═════ RECORDED INFORMATION ═════

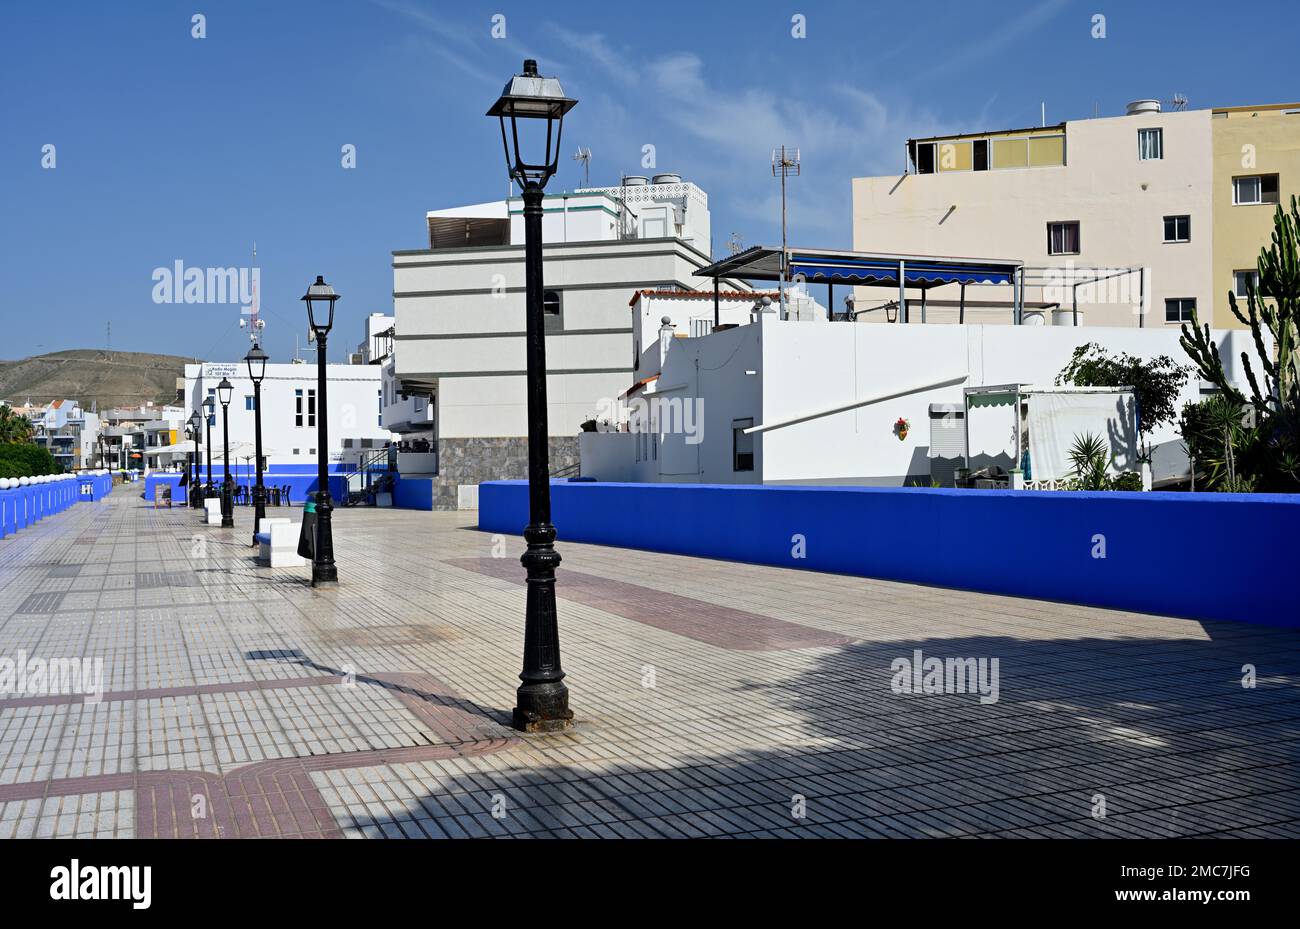 Seaside promenade, Plaza de los Tunidos,  “along Av. del Muelle” village of  Arguineguín, Las Palmas, Gran Canaria, Spain Stock Photo
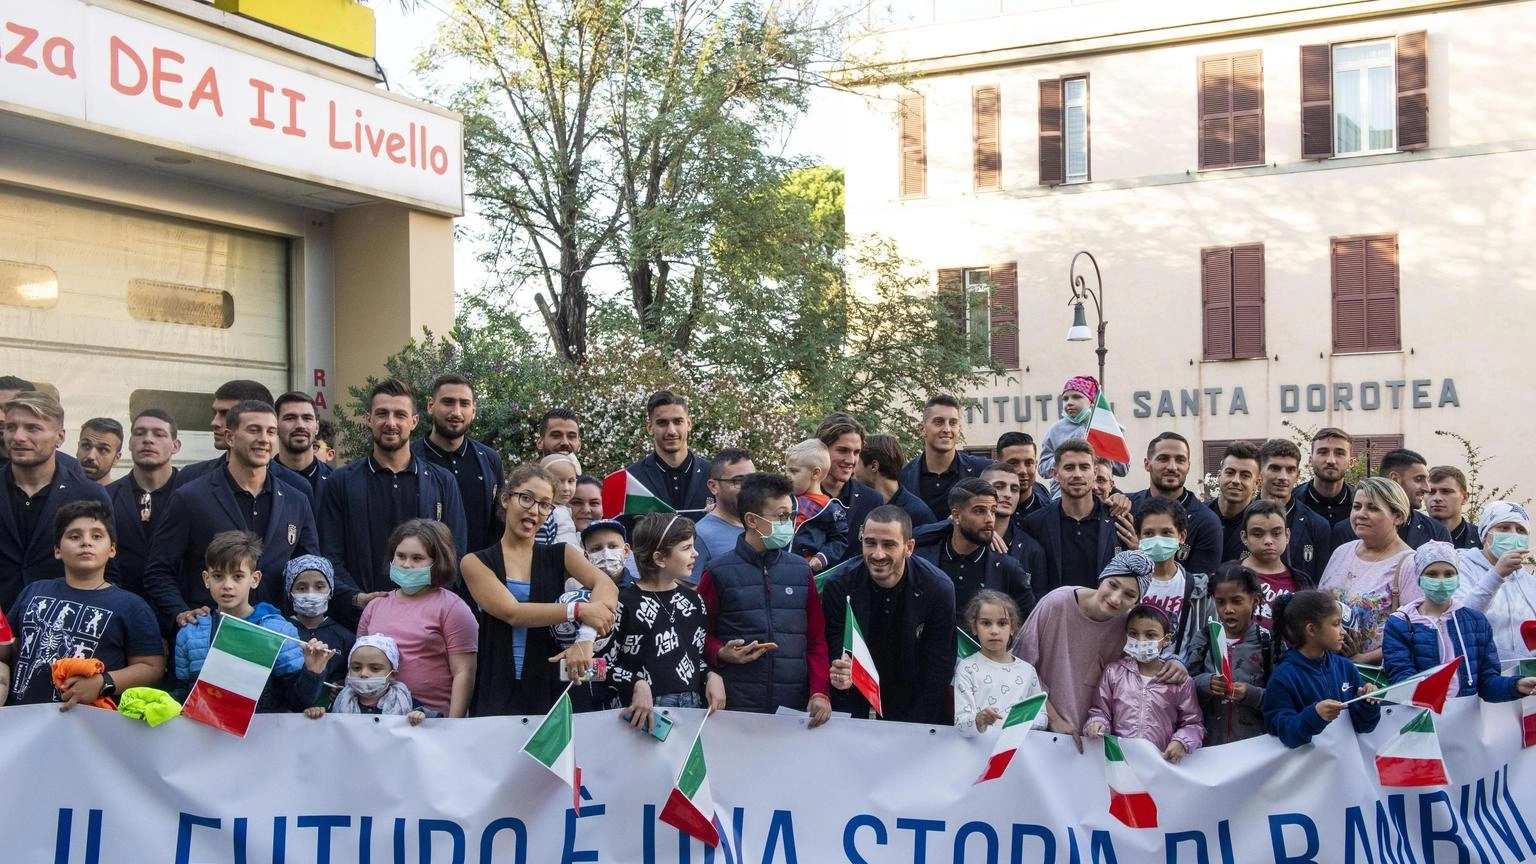 Accordo Italia-S.Sede su Bambino Gesù, sarà nell'area Forlanini
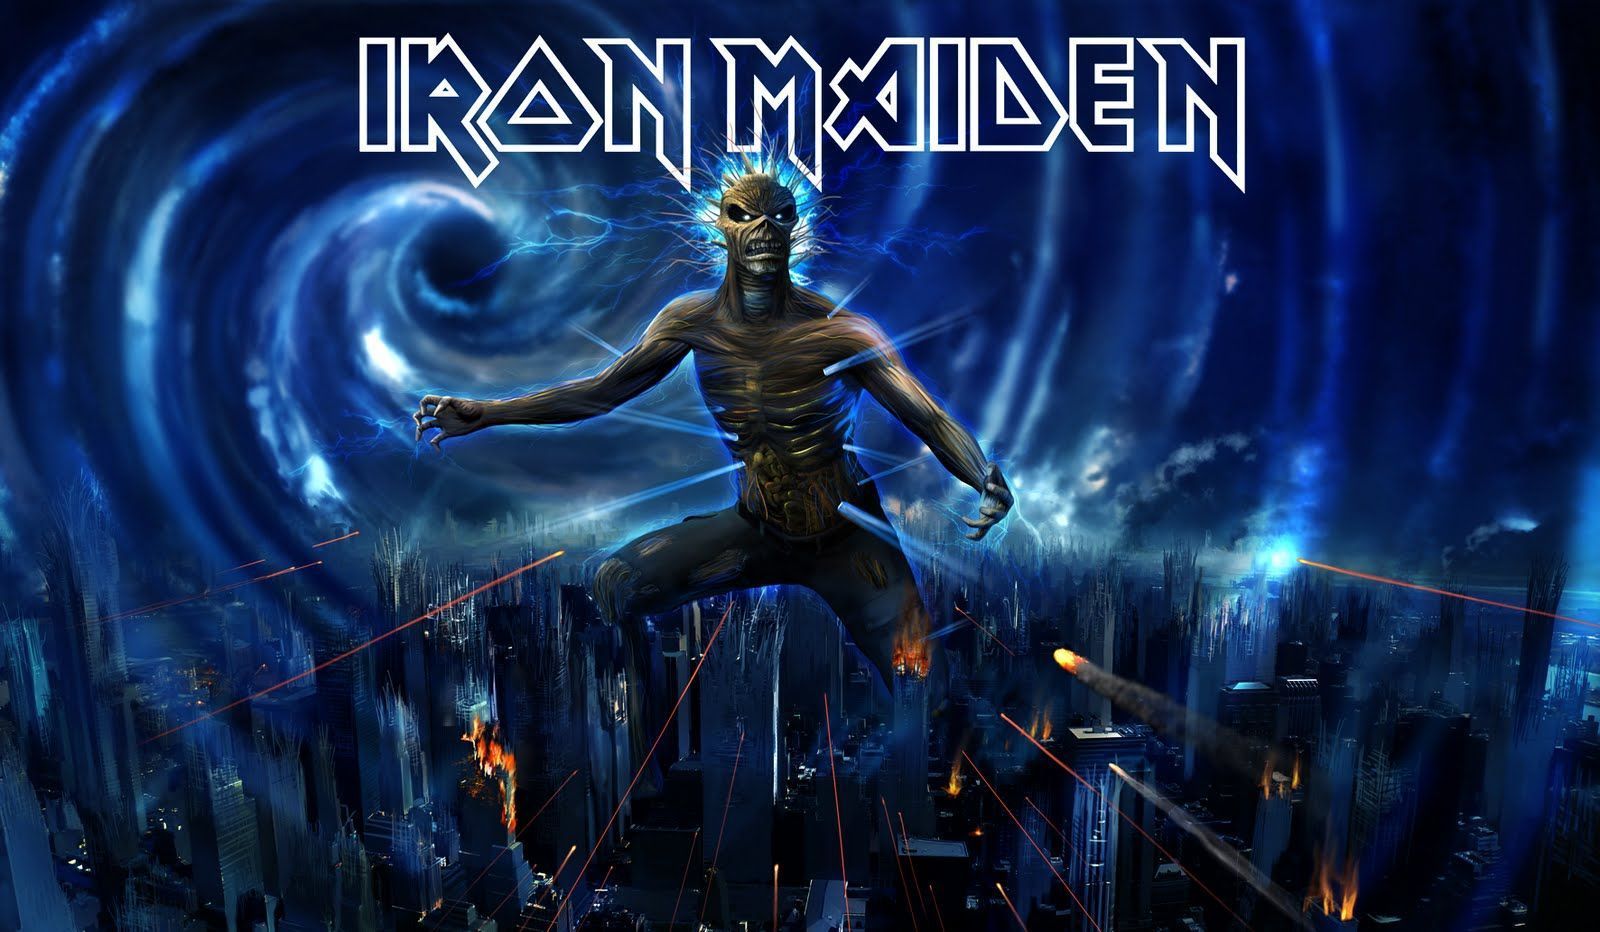 Iron Maiden 電腦桌布, 桌面背景| 1600x932 | ID:381202

═════

TASK DETAILS: Leaving the pictures aside, transcribe the entire listing exactly.

ANSWER BELOW:
 Seaside promenade, Plaza de los Tunidos,  “along Av. del Muelle” village of  Arguineguín, Las Palmas, Gran Canaria, Spain Stock Photo
 Accordo Italia-S.Sede su Bambino Gesù, sarà nell'area Forlanini
 Iron Maiden 電腦桌布, 桌面背景| 1600x932 | ID:381202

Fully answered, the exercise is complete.